In [27]:
%matplotlib inline

In [28]:
import numpy as np
import matplotlib.pyplot as plt

import sympy

import seaborn as sns

***
# Overview of the basics
For a random variable $x$, $P(x)$ is a function that assigns a probability to all values of $x$.

- Probability Density of $x = P(x)$

The probability of a specific event A for a random variable x is denoted as P(x=A), or simply as P(A).

- Probability of Event $A = P(A)$

Probability is calculated as the number of desired outcomes divided by the total possible outcomes, in the case where all outcomes are equally likely.

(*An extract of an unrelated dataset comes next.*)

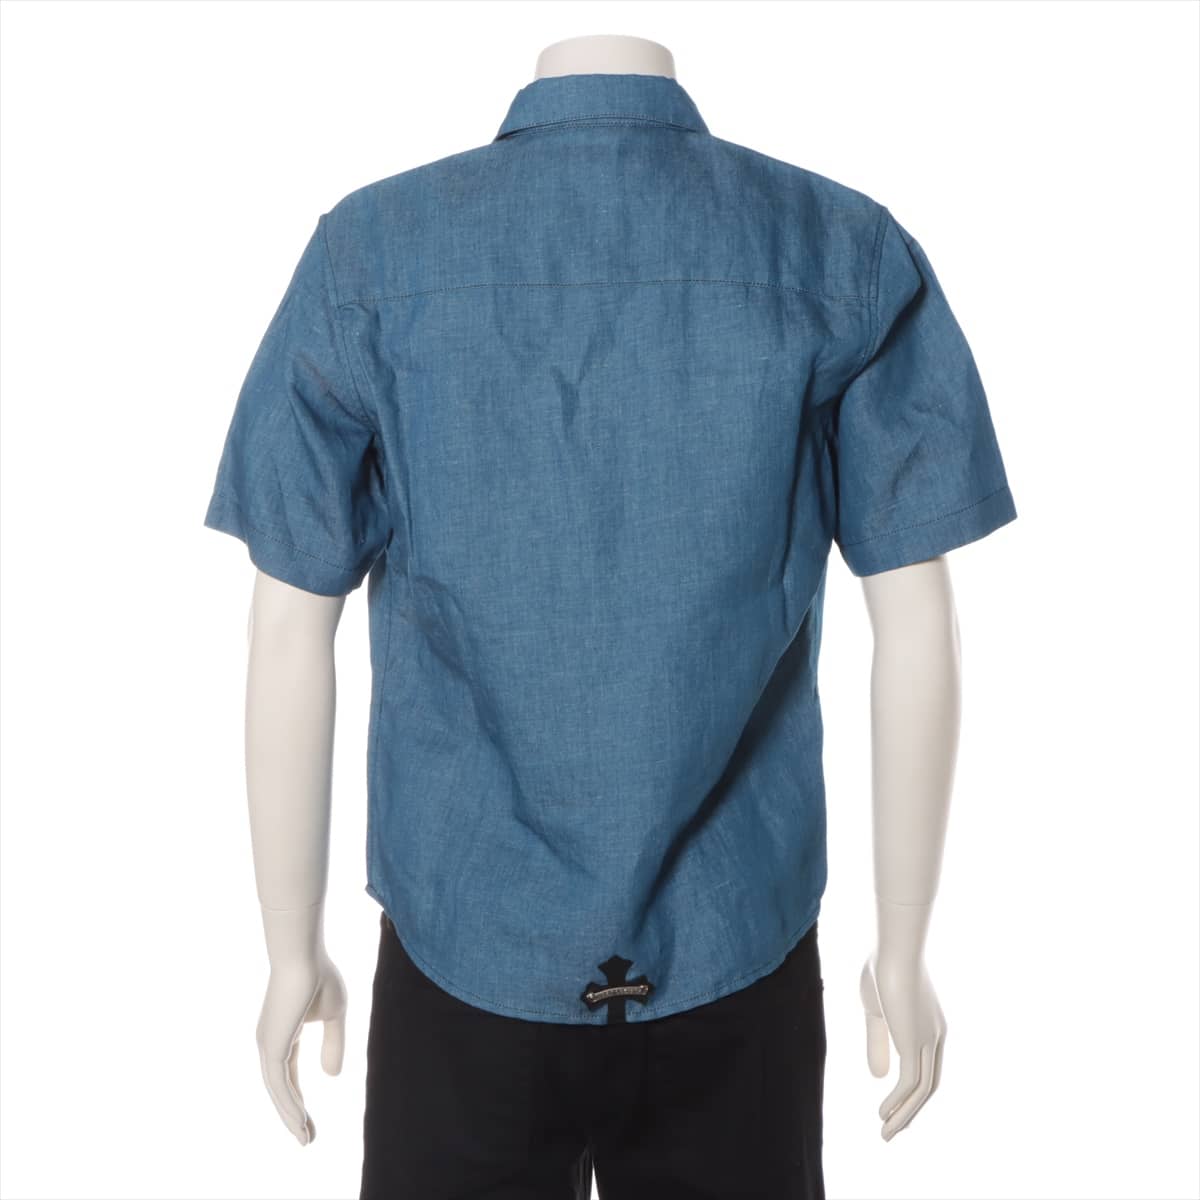 Chrome Hearts Cross button Denim shirt Cotton & linen S JVP Short sleeves

- Probability = ${\large \frac{number-of-desired-outcomes}{total-number-of-possible-outcomes}}$

>This is intuitive if we think about a discrete random variable such as the roll of a dice. For example, the probability of a dice rolling a 5 is calculated as one outcome of rolling a 5 (1) divided by the total number of discrete outcomes (6) or 1/6 or about 0.1666 or about 16.666%.

In [29]:
# Here is a simple preview of probability calculator
def probability(desired_outcomes, total_outcomes):
    probability = desired_outcomes / total_outcomes
    
    if desired_outcomes == 12:
        color = "green"
    elif desired_outcomes == 8:
        color = "blue"
    elif desired_outcomes == 2:
        color = "red"
    elif desired_outcomes == total_outcomes:
        color = "(all)"
    else:
        color = "yellow"
  
    print(f"The probability of taking {desired_outcomes} {color} ball(s) is:", str(round(probability*100, 2))+"%")
    return probability # Probability is a number between 0 and 1. 1 Denoting 100% and 0 denoting 0%

# Let's say we have 12 Green balls, 8 blue balls, 2 red balls and 1 yellow ball
# What is the probability of reaching and taking 1 yellow ball?

total_balls = 12 + 8 + 2 + 1
desired_balls = 2 # Play around with this variable to see how different portions react

probability(desired_balls, total_balls)

The probability of taking 2 red ball(s) is: 8.7%


0.08695652173913043

The sum of the probabilities of all outcomes must equal one. If not, we do not have valid probabilities.

- Sum of the Probabilities for All Outcomes = 1.0.

In [30]:
green_balls = 12
blue_balls = 8
red_balls = 2
yellow_balls = 1

total_sum = probability(green_balls, total_balls) + probability(blue_balls,total_balls) + probability(red_balls,total_balls)+ probability(yellow_balls,total_balls) 

print("Sum of all probabilities:", total_sum*100, "%")

The probability of taking 12 green ball(s) is: 52.17%
The probability of taking 8 blue ball(s) is: 34.78%
The probability of taking 2 red ball(s) is: 8.7%
The probability of taking 1 yellow ball(s) is: 4.35%
Sum of all probabilities: 100.0 %


The probability of an impossible outcome is zero. For example, it is impossible to roll a 7 with a standard six-sided die.

- Probability of Impossible Outcome = 0.0

The probability of a certain outcome is one. For example, it is certain that a value between 1 and 6 will occur when rolling a six-sided die.

- Probability of Certain Outcome = 1.0

In [31]:
print("Probability of certain outcome:", probability(total_balls, total_balls)*100, "%")

The probability of taking 23 (all) ball(s) is: 100.0%
Probability of certain outcome: 100.0 %


The probability of an event not occurring, called the complement.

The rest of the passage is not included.